REQUIRED ACTION:
Please set down the data again exactly, minus the pictures.

INFORMATION SHOWN:
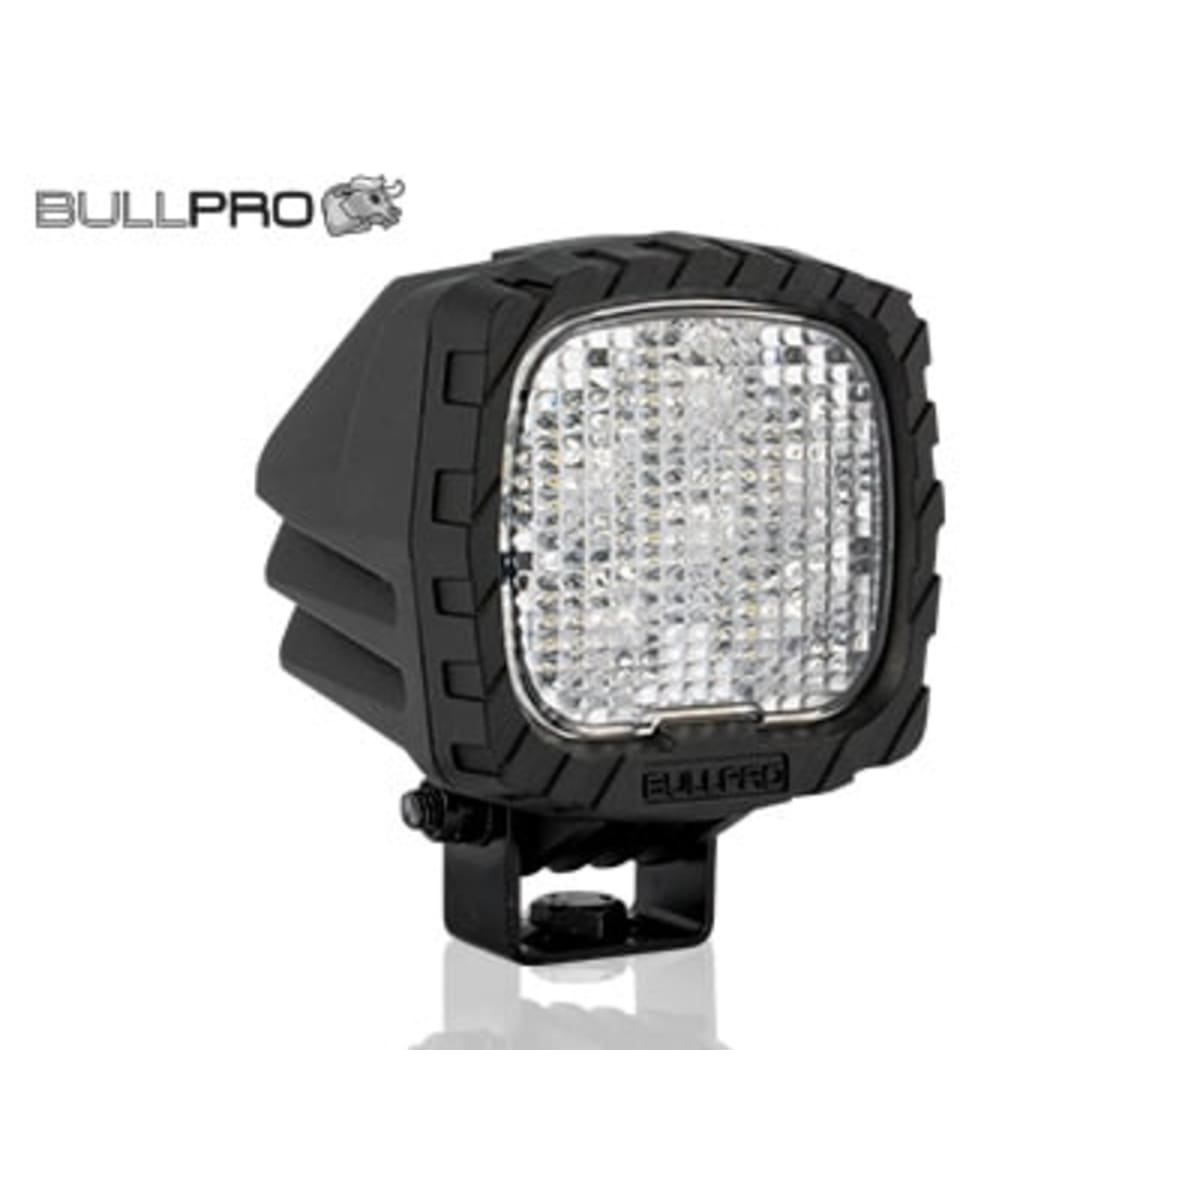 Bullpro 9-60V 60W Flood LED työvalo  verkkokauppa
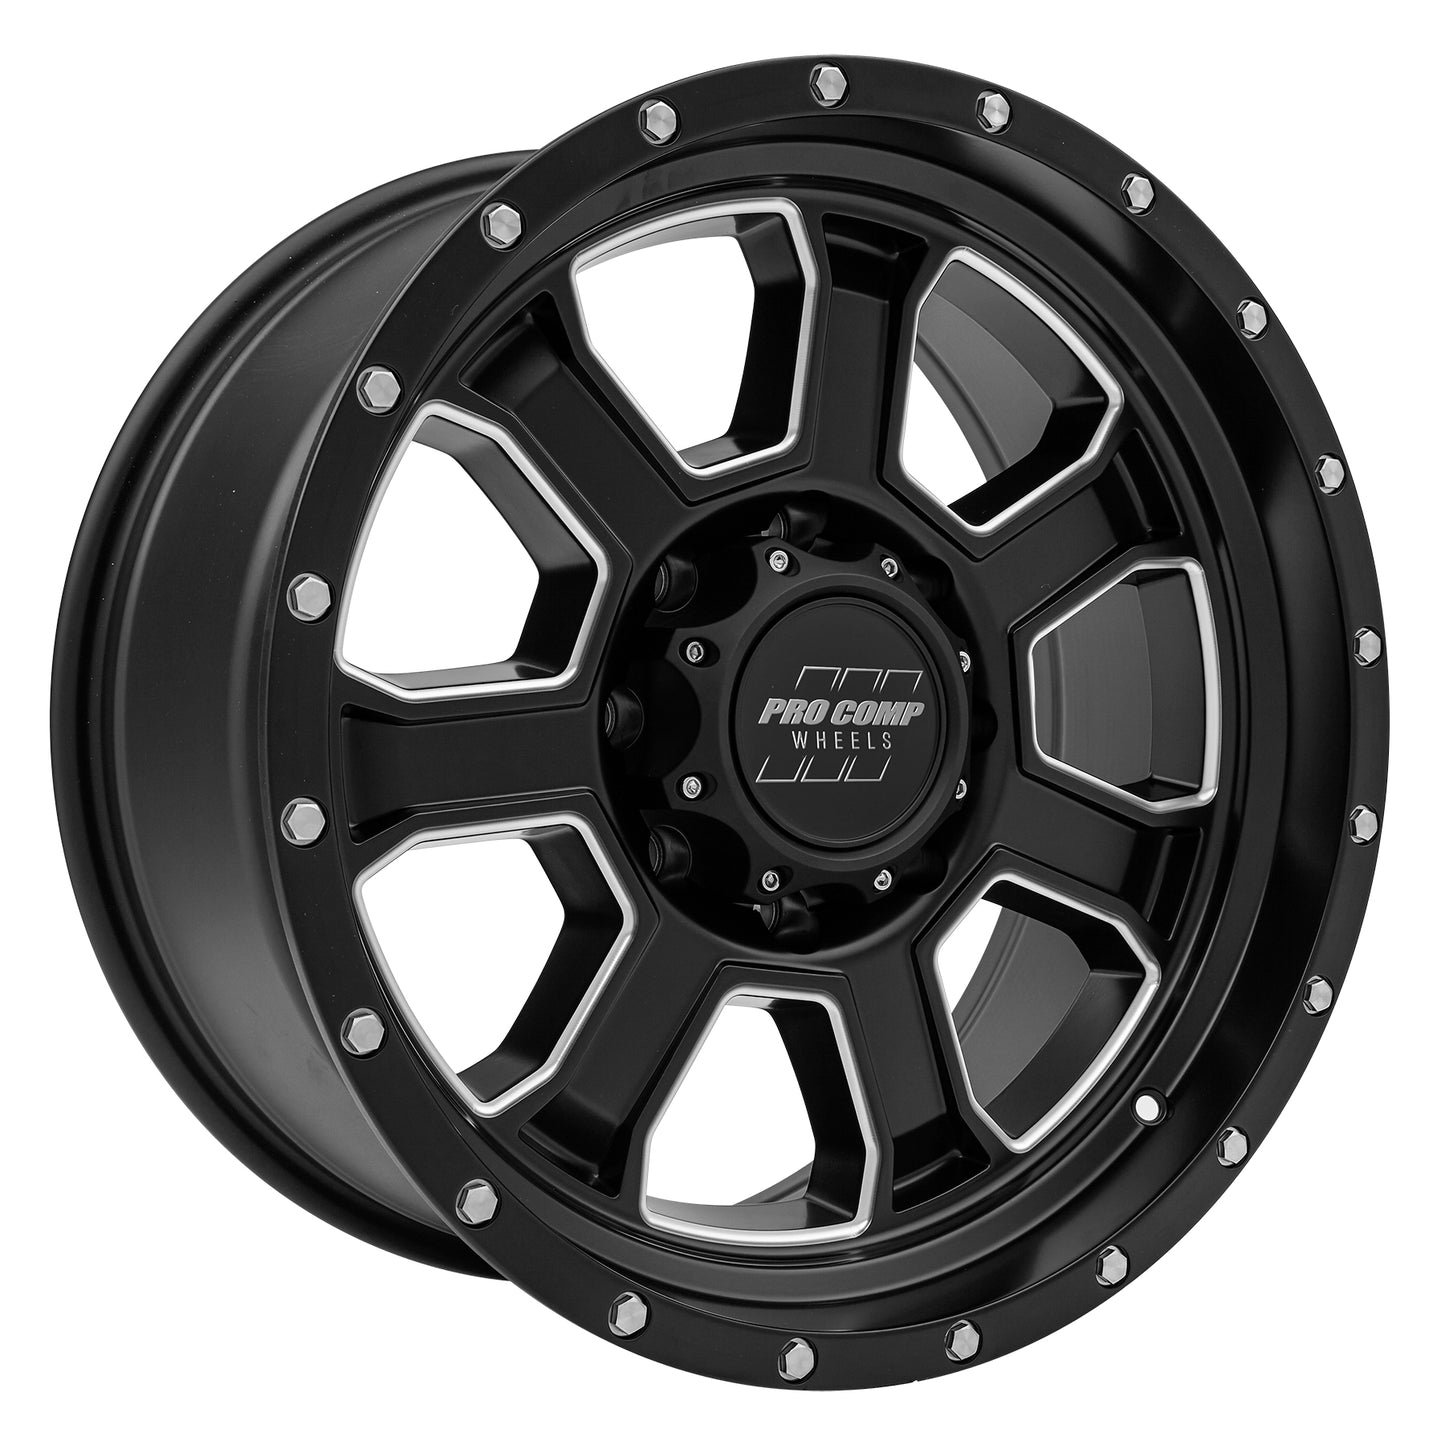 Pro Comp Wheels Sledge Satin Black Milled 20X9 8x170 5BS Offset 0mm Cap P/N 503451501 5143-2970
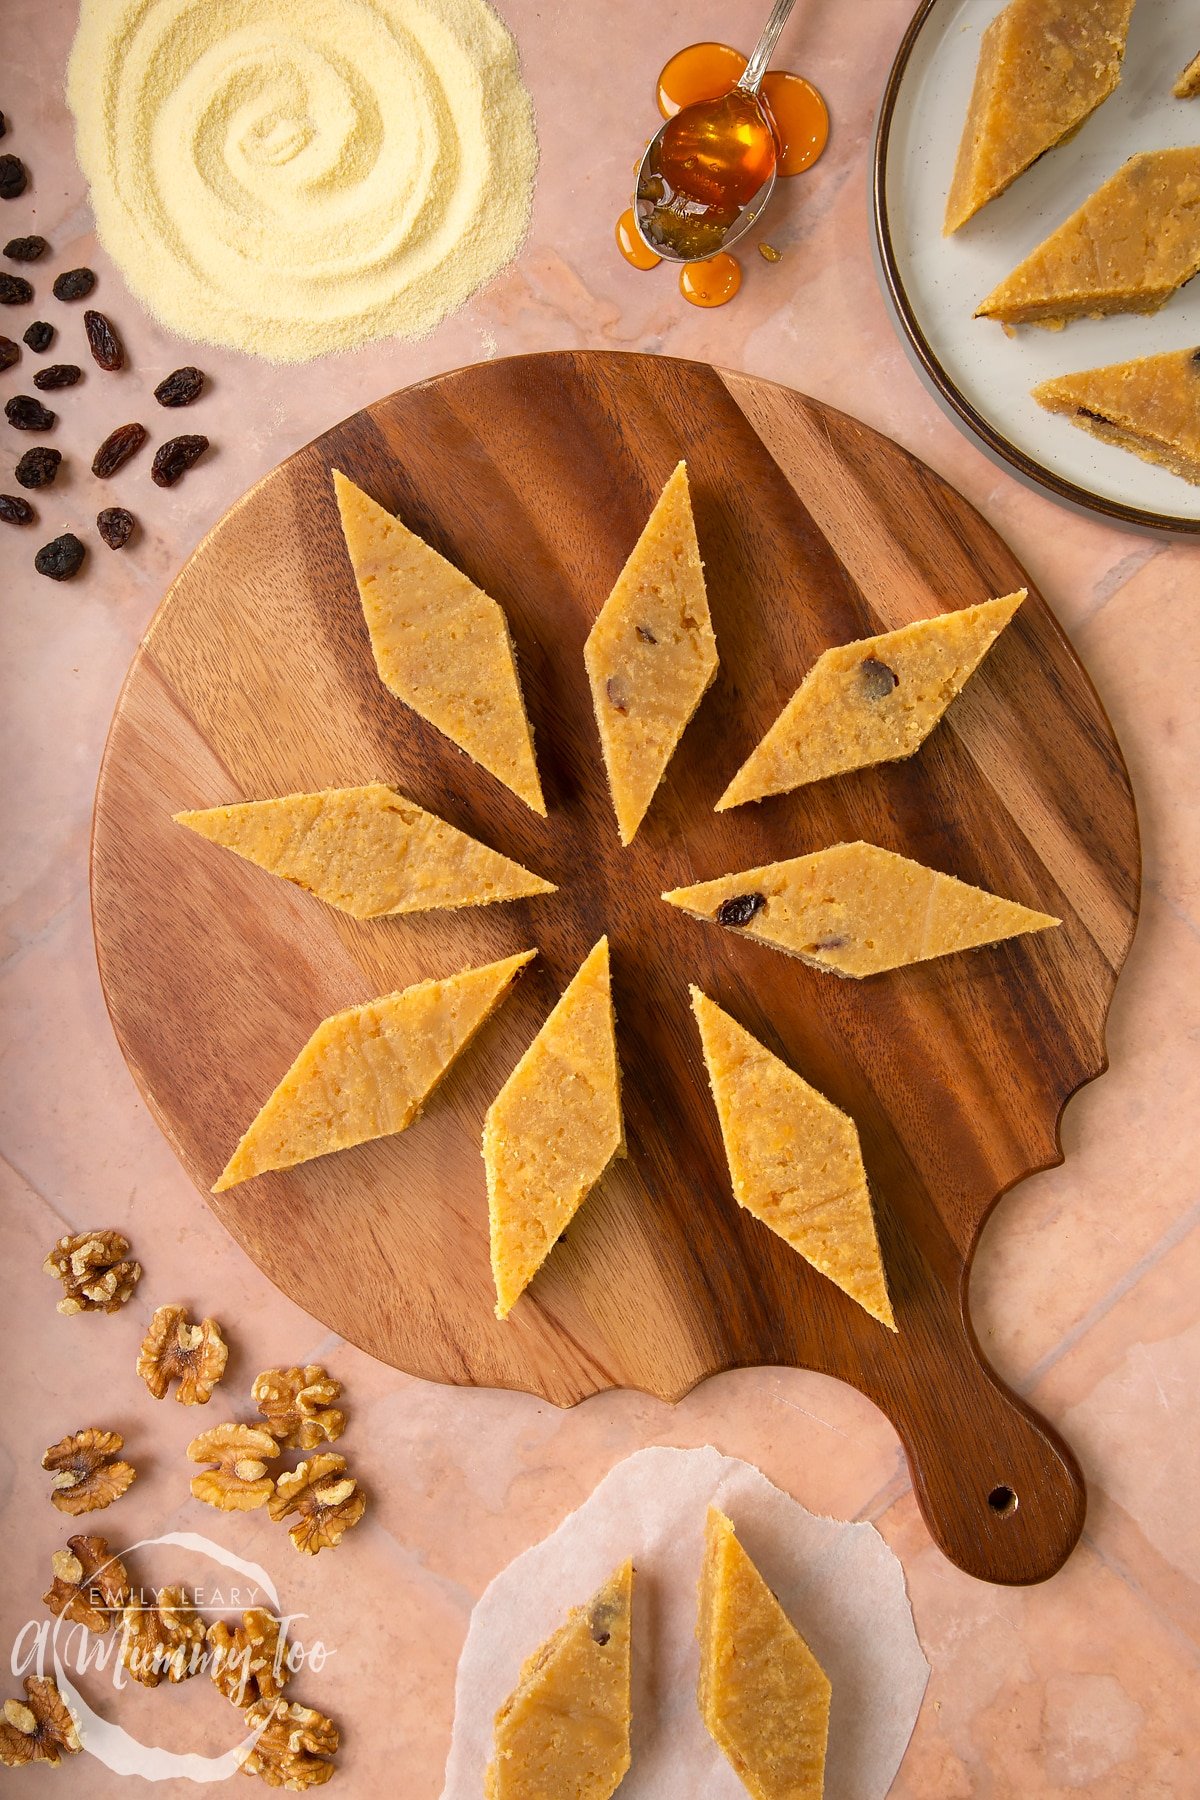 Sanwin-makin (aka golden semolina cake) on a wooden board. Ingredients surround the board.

RESPONSE TO THE EXERCISE:
 Bullpro 9-60V 60W Flood LED työvalo  verkkokauppa
 Pro Comp Wheels Sledge Satin Black Milled 20X9 8x170 5BS Offset 0mm Cap P/N 503451501 5143-2970
 Sanwin-makin (aka golden semolina cake) on a wooden board. Ingredients surround the board.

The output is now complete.